Now a new report, "Breast cancer and exposure to hormonally active chemicals", highlights the role of manmade chemicals which act like hormones in the development of breast cancer. The report, which was commissioned by the Health and Environment Alliance (HEAL) and CHEM Trust, was presented to Members of the European Parliament in Brussels on 2 April.
"Good laboratory and epidemiological evidence exists suggesting that man-made chemicals which mimic oestrogen contribute to breast cancer," stated the report's author, Professor Andreas Kortenkamp of the University of London's School of Pharmacy. "We will not be able to reduce the risk of breast cancer without addressing preventable causes, particularly exposure to chemicals."
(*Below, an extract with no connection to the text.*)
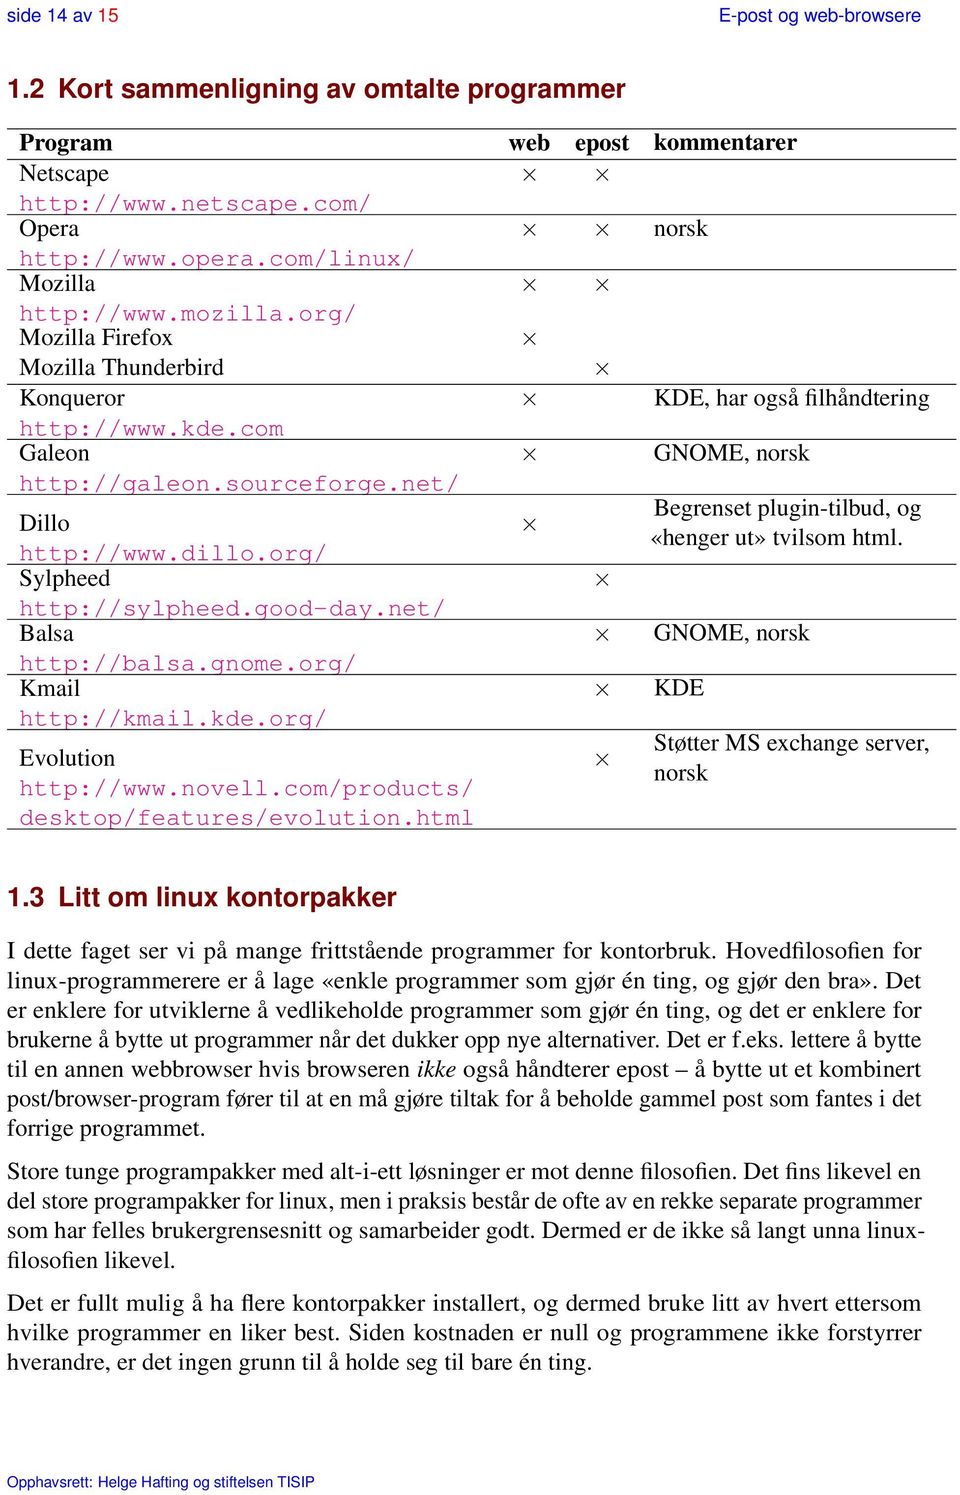 net/ Begrenset plugin-tilbud, og Dillo «henger ut» tvilsom html. http://www.dillo.org/ Sylpheed http://sylpheed.good-day.net/ Balsa GNOME, norsk http://balsa.gnome.org/ Kmail http://kmail.kde.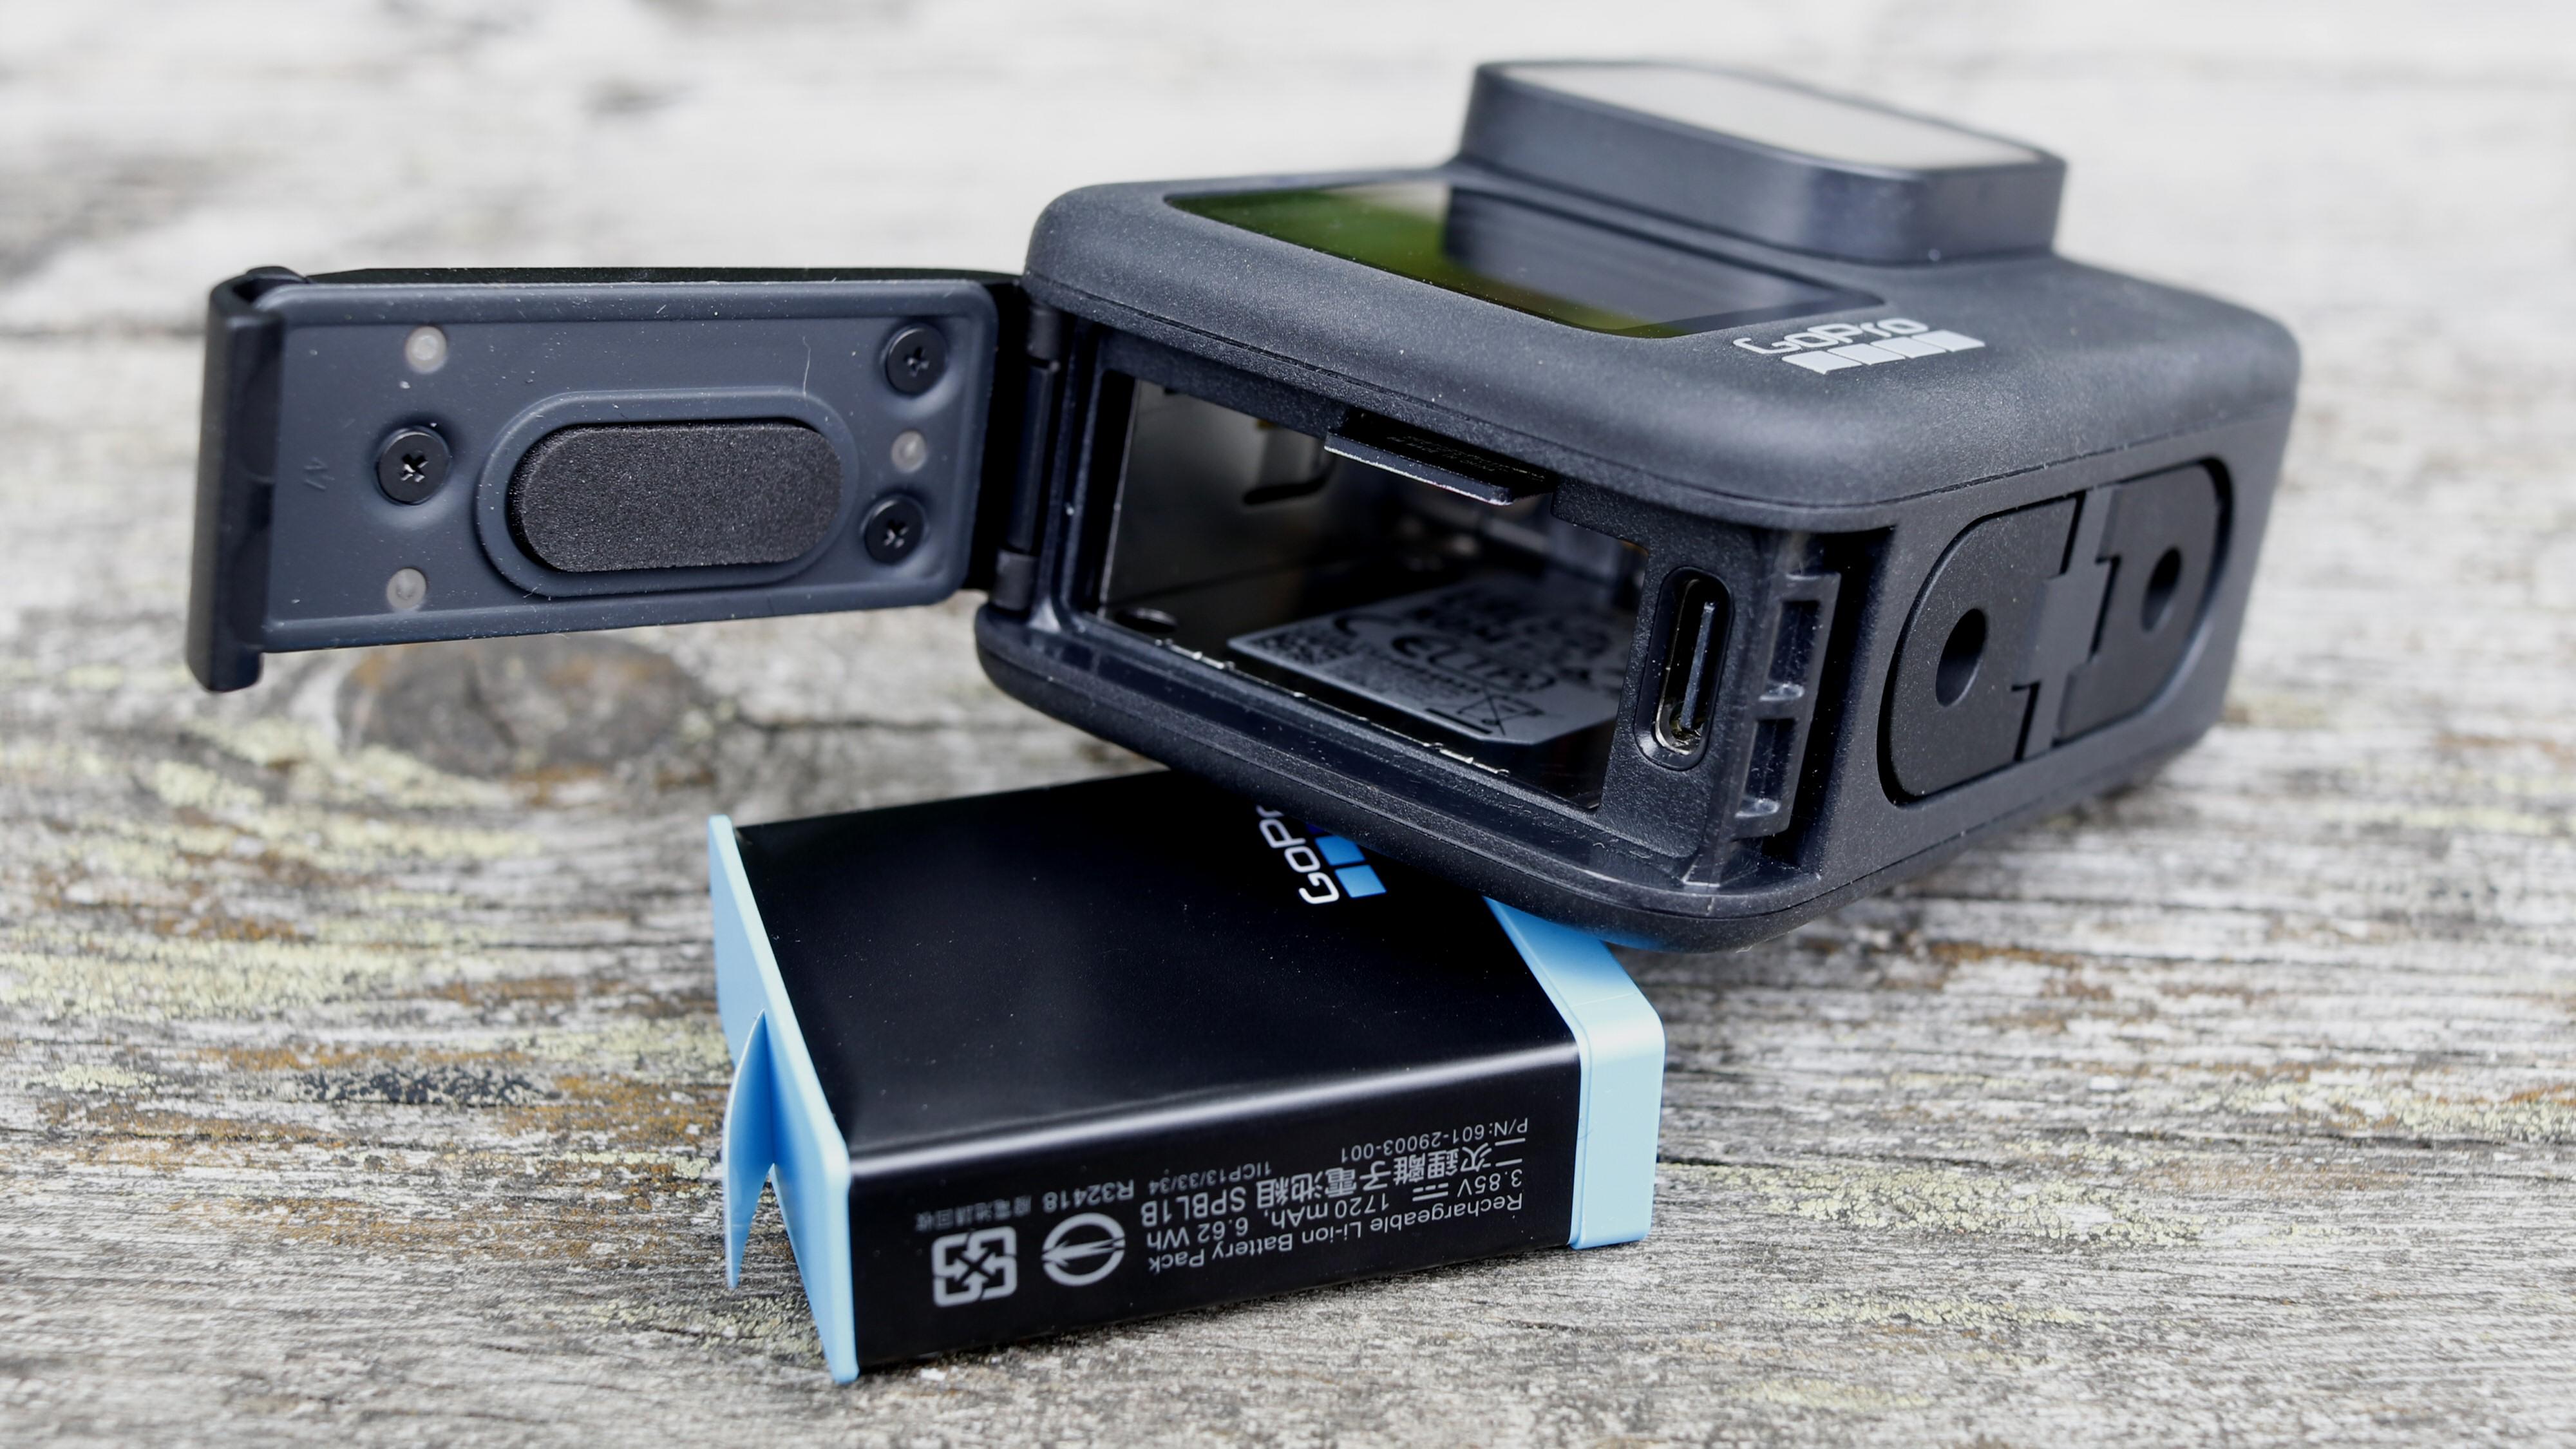 GoPro Hero9 Black har kun én luke. Her finner vi USB-C-porten, samt batteri og plass til microSD-kort.

Cases of breast cancer are on the rise across Europe, and over a million cases are diagnosed worldwide every year. "Although late age at first child birth and genetics are shown to contribute to the increase in breast cancer, the sheer number of newly diagnosed cases cannot solely be explained by these factors," the report reads. "Evidence is emerging that environmental influences, including chemical exposure, also play a role."
At the launch of the report, Professor Kortenkamp presented evidence showing that while low levels of individual chemicals have no discernible impact on breast cancer, when mixtures of chemicals are considered together, they have a clear impact, even when the level of each individual chemical is very low.
Professor Kortenkamp also highlighted the importance of exposure levels at different times in a woman's life; women are particularly vulnerable to elevated oestrogen levels in the womb, when the breast tissue is laid down, and at puberty, when the breasts' ductal system grows.
For example, research shows that women who were exposed to the pesticide DDT during puberty are more likely to develop breast cancer than women who were exposed to it later in life, when their breast tissue was less vulnerable.
Meanwhile another study focussed on women whose mothers took the drug DES (diethylstilboestrol) to avoid miscarriages, and so were exposed to synthetic oestrogens in the womb. The results revealed that these women face a doubled risk of developing breast cancer.
The list of chemicals which act like hormones, and the products containing them, is long. Some of these chemicals, including DDT and some other pesticides, are already banned. However, there are many more, including bisphenol A (BPA), which is found in plastic food storage containers; parabens, which are used in cosmetics; UV-filters from sunscreens and alkylphenols, which are found in plastics, paints, inks and detergents.
Scientists and health campaigners argue that as these chemicals are found in such a wide range of products, it is impossible for women to avoid exposure to them. The time is therefore ripe for regulators to take action to remove these chemicals from the environment, they say.
As Professor Kortenkamp pointed out, the European Union has funded a lot of excellent research on this subject. However, "this is not entirely matched by an equally well founded and well thought out regulatory approach to complement this, to act on the basis of scientific evidence," he told CORDIS News.
Meanwhile more research is needed. "We need to do more epidemiological studies to find out why women get breast cancer - how do they differ from the ones who don't get breast cancer," said Dr Annie Sasco, Team Leader for Epidemiology for Cancer Prevention at the French National Institute for Health and Medical Research (INSERM).
Doing these studies will require the use of biological markers to determine which products people have been exposed to. Toxicological studies and experimental studies in animals are also needed, Dr Sasco added.
"The efforts to screen for oestrogen-like chemicals need to be redoubled," said Professor Kortenkamp. "We are far from having a complete picture about this."